Whilst the software operator will be considered to be a ‘data controller’ by virtue of controlling the app within which personal data is processed and stored (no matter how briefly), it is possible to have more than one data controller, and the retailer could also be processing the same data via controlling the app and any mobile devices held by their staff.

In addition to considering DPA issues, retailers may need to give consideration to the accuracy of the technology and the implications that may come from detaining a significantly higher number of suspected shoplifters.  

Detaining a customer who proves to be innocent could potentially give rise to a claim for false imprisonment.

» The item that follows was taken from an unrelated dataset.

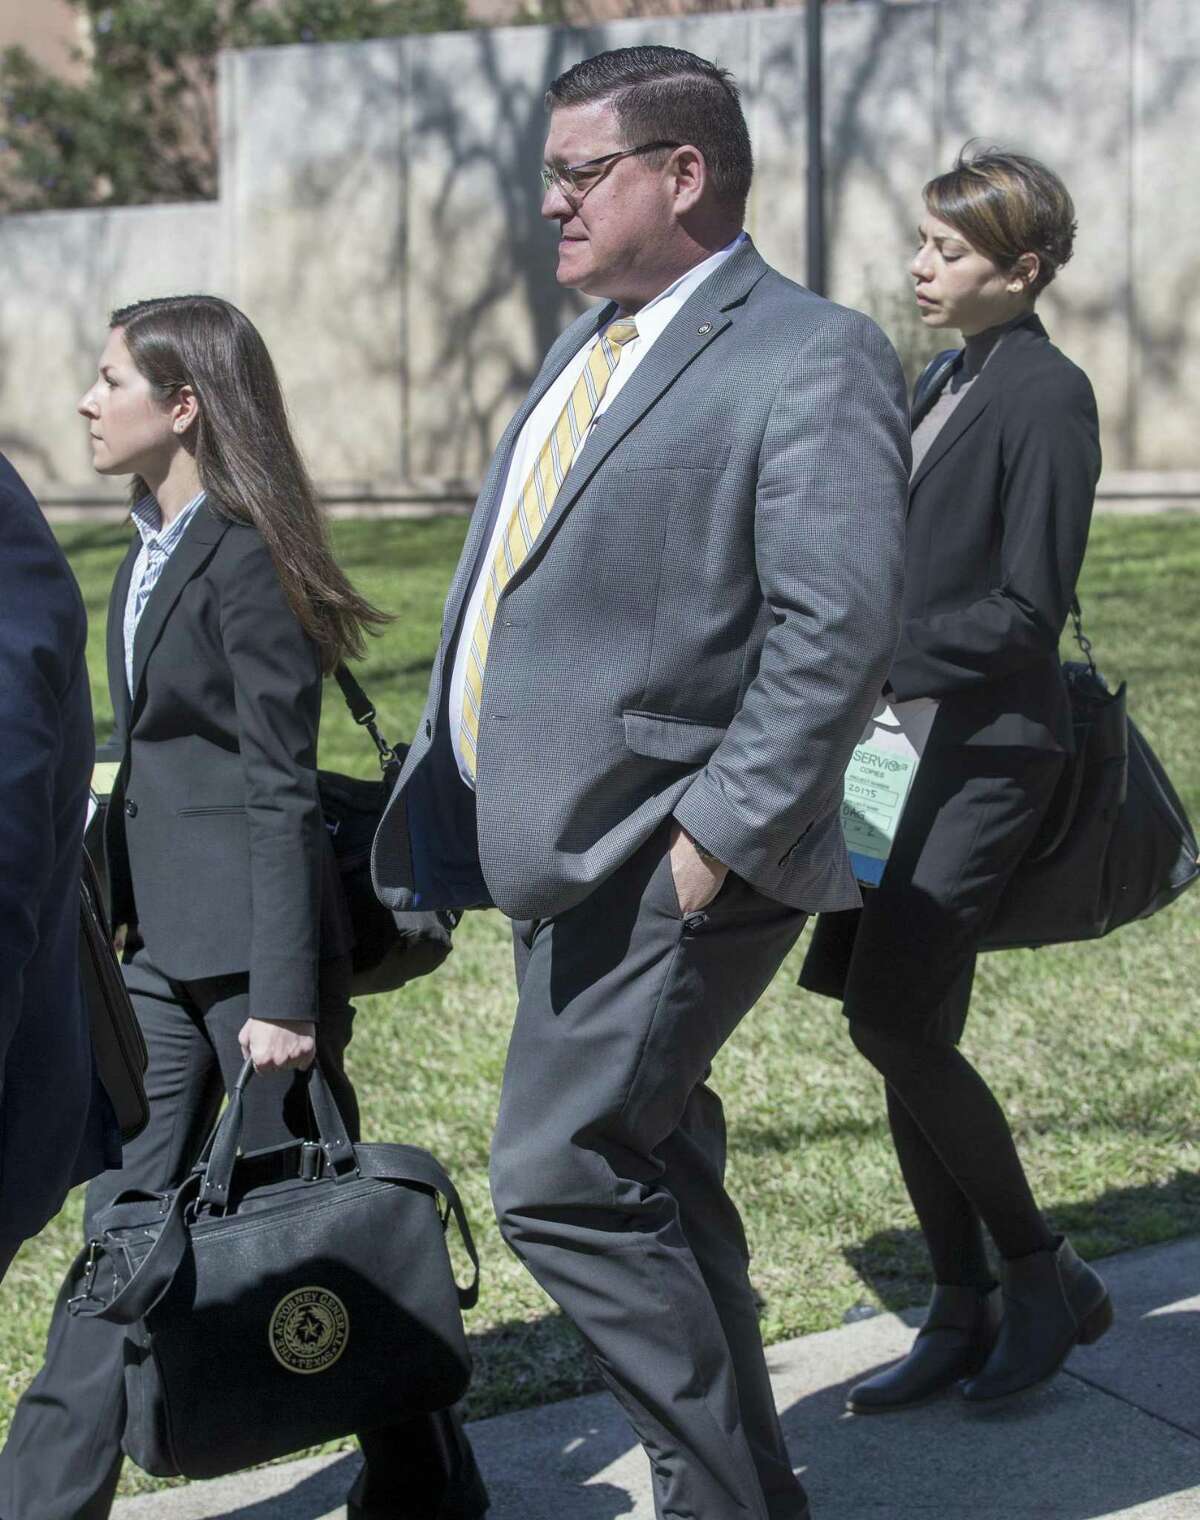 Keith Ingram, center, director of elections at the Texas Secretary of State's office, leaves the John H. Wood Federal Courthouse Tuesday, Feb. 20, 2019 after testifying during a hearing about the state?•s initiative to purge tens of thousands of Texans from voter rolls who officials claim are not U.S. citizens. The League of United Latin American Citizens has sued the state over the plan and is seeking an injunction to stop the plan.

If a security guard uses force to detain a customer who refuses to stop and tries to walk away, a claim for assault could also be made. If the incident occurs in front of other members of the public, which is likely, it is even possible that an associated personal injury claim for psychiatric injury could be made, due to the distress and humiliation suffered.

Unlike police officers (who have specific powers to stop and detain members of the public provided they have a ‘reasonable suspicion’ that an offence has been committed) a private security guard has no more legal powers than any other member of the public. They have no power to stop and detain a customer unless carrying out a citizen’s arrest. For a citizen’s arrest to be lawful, clear evidence of the offence is required — the customer needs to essentially be caught in the act with a stolen item(s) about their person.

Whilst the theft of any items worth less than £200 is now classified as ‘low-value shoplifting’, which is a summary only offence (s22A Magistrates’ Court Act 1980), section 176(6) of the Anti-Social Behaviour, Crime and Policing Act 2014 preserves the power to carry out a Citizen’s Arrest for low-value shoplifting. Ordinarily, a citizen’s arrest can only be lawfully carried out for an indictable offence (section 24A of the Police and Criminal Evidence Act 1984).

If the security guard gets it wrong and detains someone who is innocent, that person will have a prima facie case for false imprisonment, regardless of how long the detention lasts. ‘Detention’ in the context of the tort of false imprisonment does not necessarily mean the use of physical force to detain a person — the use of words to assert authority, in order to convince a customer they are not allowed to leave the store or confining them in a corner without actually touching them, could still constitute detention.

The risks discussed above will not be new to retailers. However, the use of CDT could lead to a significant increase in these risks, which should be considered alongside the benefits that CDT may bring in terms of theft prevention.

Providing training and guidance to employed security staff regarding the use of the app (or vetting private security contractors to ensure they do so), in particular about how to analyse and act upon the different images they receive, is likely to be important. Any less clear images of suspected shoplifting that are captured should be treated with caution. What if, for example, the software analyses the CCTV images of a person reaching inside their jacket, and flags this as theft, when the customer was simply reaching for their wallet or phone? Does the image clearly show an item being placed inside the jacket or pocket?

There could also be an added risk once the technology becomes widespread, and the public become aware of its use and the implications. It has not been unknown for customers to deliberately ‘goad’ retail staff and security into stopping them and accusing them of theft, as a route to pursuing a claim for compensation. They could, for example, try to deceive the technology by reaching into their clothing hoping to then be stopped.

The benefits of CDT may well prove to outweigh any risks, but retailers may wish to keep the above in mind if they are seeking to invest and implement it across their stores.